## What is needed
This exercise requires an exact output of the listing, images omitted.

## Information shown
----------------------------------------
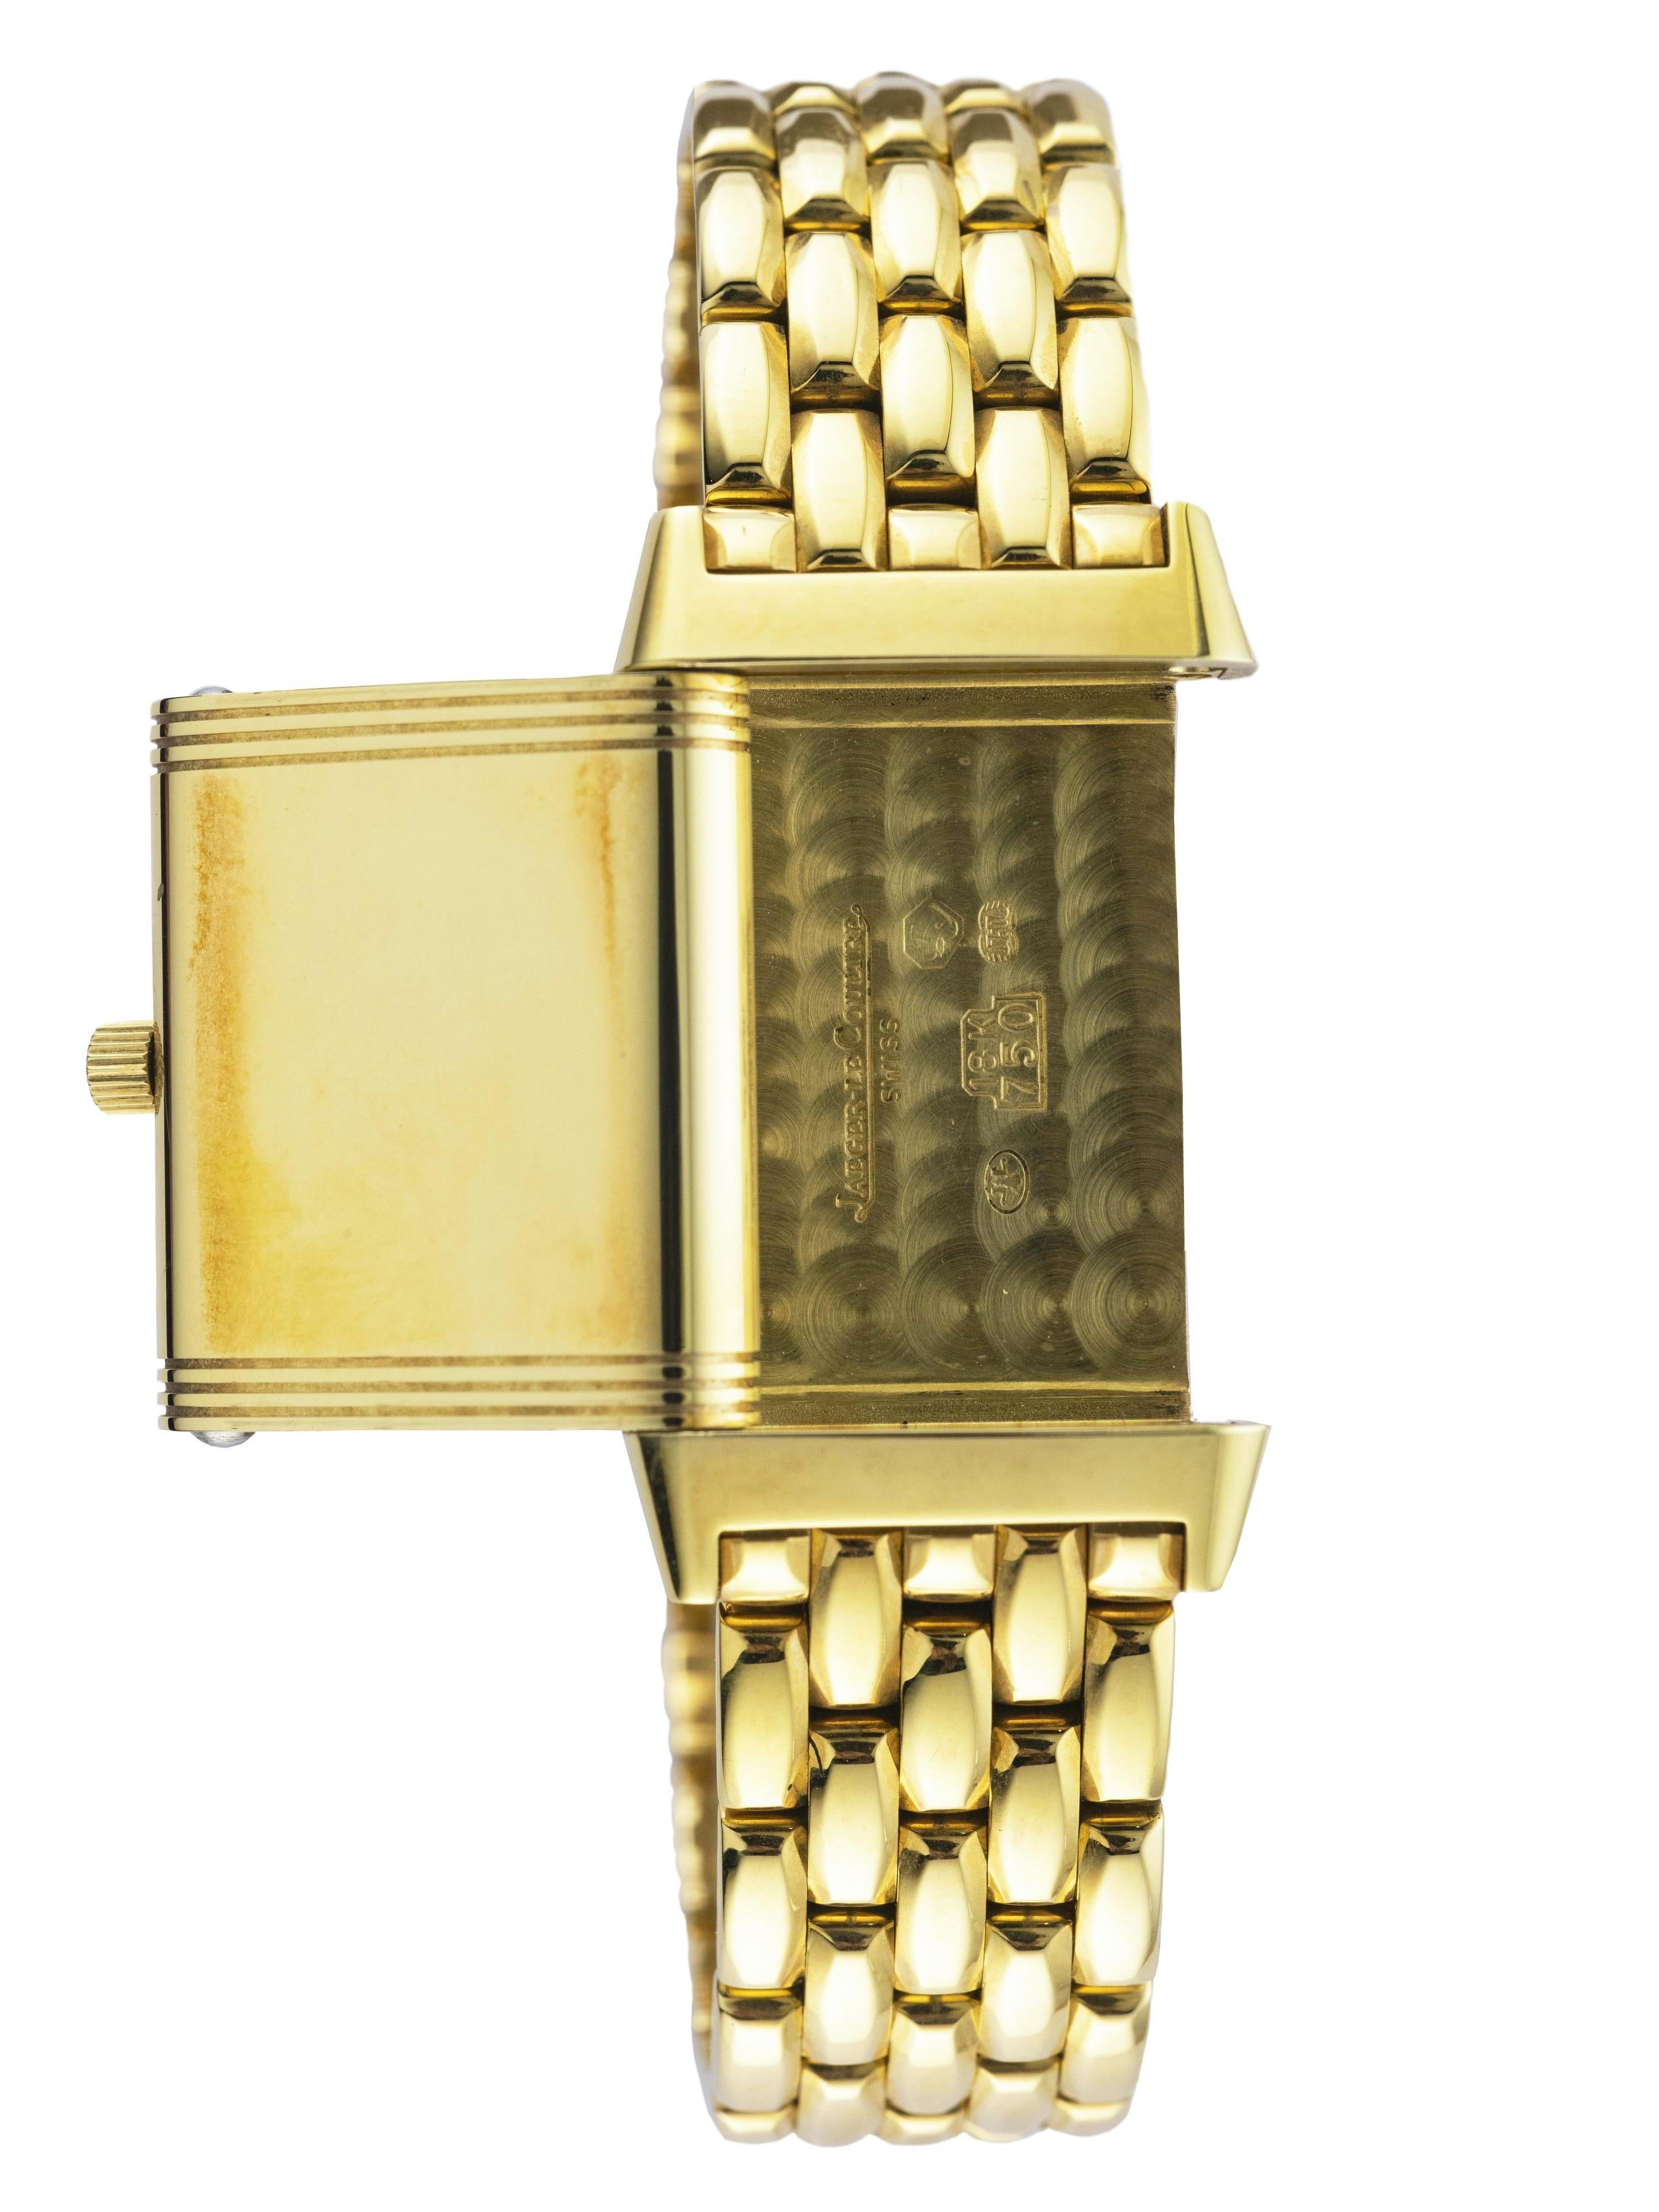 This yellow gold Reverso Watch has an argentè dial with blued steel hands.
A yellow gold bracelet is accompanied by a double deployant clasp, also in yellow gold.
The piece is fitted with sapphire glass and a manual winding movement.
The watch is a
----------------------------------------
## Task output
 This yellow gold Reverso Watch has an argentè dial with blued steel hands.
A yellow gold bracelet is accompanied by a double deployant clasp, also in yellow gold.
The piece is fitted with sapphire glass and a manual winding movement.
The watch is a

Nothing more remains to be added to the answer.